Por Antón Castro
A veces, en estos tiempos donde vivimos casi a la velocidad
del rayo, se quedan por ahí, orillados, libros excelentes, proyectos muy
aquilatados que nos recuerdan que la literatura puede ser un campo abonado a la
serenidad, a la melancolía, al enigma cotidiano que, de tan desleído, no parece
ni serlo. El poeta y crítico literario, y también dietarista Álvaro Valverde
(Plasencia, 1959), publicaba en Pre-Textos una de esas antologías que son más
que una compilación o una gavilla de versos: el prologuista José Muñoz Millanes
ha ido más allá de una selección al uso y le ha dado una unidad insoslayable a Meditaciones
del lugar. Antología poética 1989-2018, casi treinta años de una escritura
prístina, sumamente elegante, trazada con la exactitud del hombre paciente que
se atreve a soñar con los ojos abiertos, de paseo, o viendo pasar el tiempo, huidizo,
etéreo y a la vez denso en situaciones y aventuras.

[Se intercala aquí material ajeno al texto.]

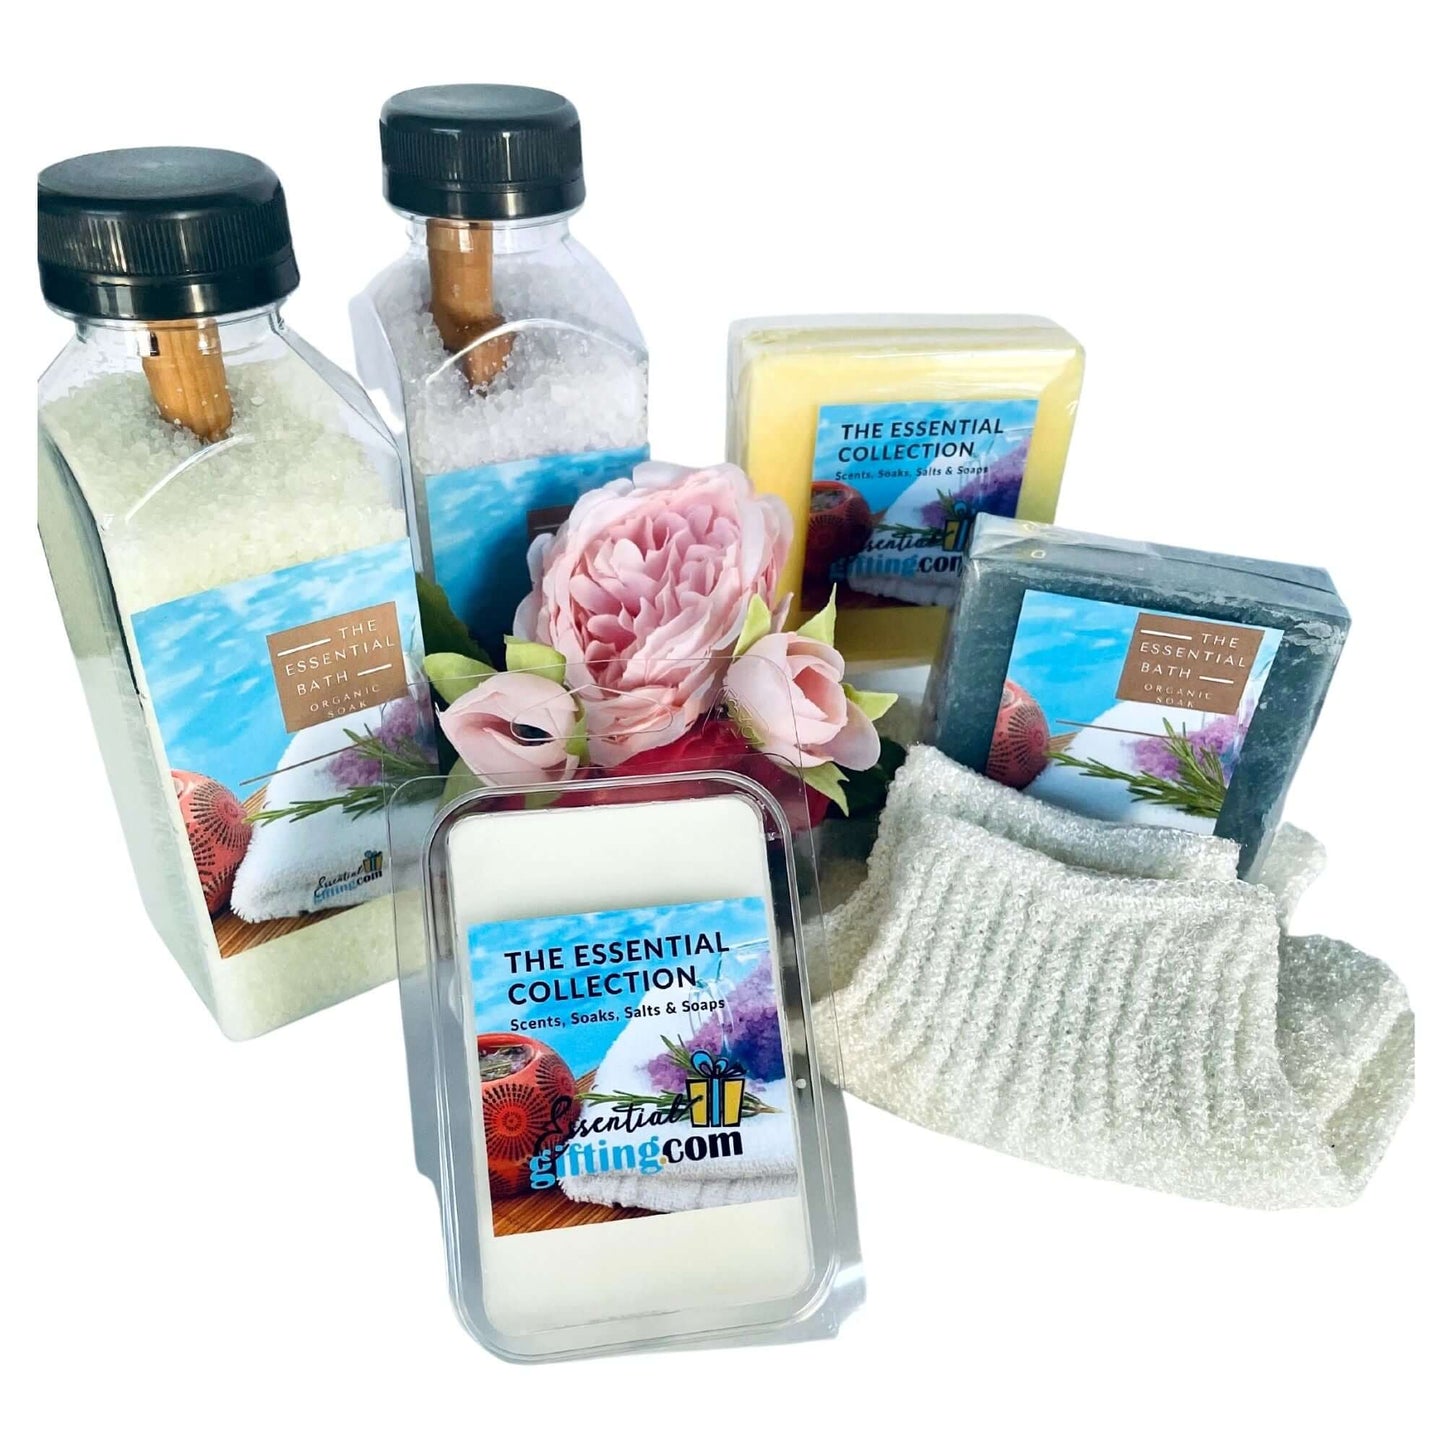 Luxurious bath care essentials in artisan gift box, featuring bath salts, soap, and other pampering products.

Medicaciones del lugar, de entrada, como apunta el
antólogo, ha hurgado en los poemarios de Álvaro Valverde en busca de esos dos
términos en el fondo tan polisémicos: la meditación (y también la
contemplación, el paseo, el hecho de mirar, incluso la introspección
tranquila), y el lugar, que puede ser muchas cosas, la casa, los recuerdos de
infancia, un jardín, una ciudad, pero también el edén, la arcadia o el paraíso,
abrazado a una fascinante naturaleza o a una flora sencilla, casi huesuda o
desnuda.
Álvaro Valverde a veces parece conectar con el armonioso
mundo de Antonio Colinas, con el Luis Cernuda de libros como Ocnos, pero
también con la capacidad de narrar la sugestión de lo cotidiano con la
plasticidad de Eloy Sánchez Rosillo. Y conecta con muchos más, claro, porque en él hay una filosofía de integración, de convivencia, de diálogo. En sus poemas,
siempre existe también una suerte de interlocución consigo mismo (como le
sucede a Luis Cernuda y también a Jaime Gil de Biedma en muchos poemas, e
incluso a Vicente Aleixandre) y una especie de trayecto personal hacia la
experiencia más íntima, en la que convergen el silencio, la lentitud, la
lucidez y la curiosidad.
En el silencio descubre los dones musicales del entorno y de
su propia escritura; la lentitud es una forma de implicarse en la tentativa de
aprehender lo decisivo; la lucidez es un estado de la inteligencia y una
vocación para entender y sentir el entorno con sus alfileres de  paradojas, y la curiosidad es una forma de
juventud permanente y un grito de alegría que no agrede; a veces Álvaro
Valverde va más allá y se atreve a crear monólogos dramáticos y darles voz a
sus múltiples yoes o hacer de voces ajenas y lejanas el diamante sonoro o
cristalino de su propia voz.
Este es un libro unitario, medido, sorprendente. Intenso y
sereno, con resonancia propia y esa suavidad que no es débil ni nada semejante,
sino la del paseante que sabe que no hay mejor manera de existir que sembrar
palabras e imágenes y sensaciones, y someterlas luego al vaivén de un cernedor
que genera espacios, geografías, estados de ánimo, vibraciones, invernaderos de
la emoción. No vamos a recordar todos los libros de Álvaro Valverde, algunos
tan penetrantes como Más allá, Tánger y El cuarto del siroco o A
debida distancia.
Pero sí hay algo más que convendría resaltar: es un poeta de
excelentes primeros versos. O versos-puerta de acceso al misterio. Dice, por ejemplo
«Abro la verja del jardín sin nadie»; «Tiene la muerte una medida exacta»; «Habito
una ciudad de la memoria»: incluso, en un poema que es casi una poética una
buena parte de su poesía, «Territorio del nómada», arranca así: «Busco en vano
un lugar», y cierra con mucha intención: «El viaje ―lo sé― / ha de ser para siempre».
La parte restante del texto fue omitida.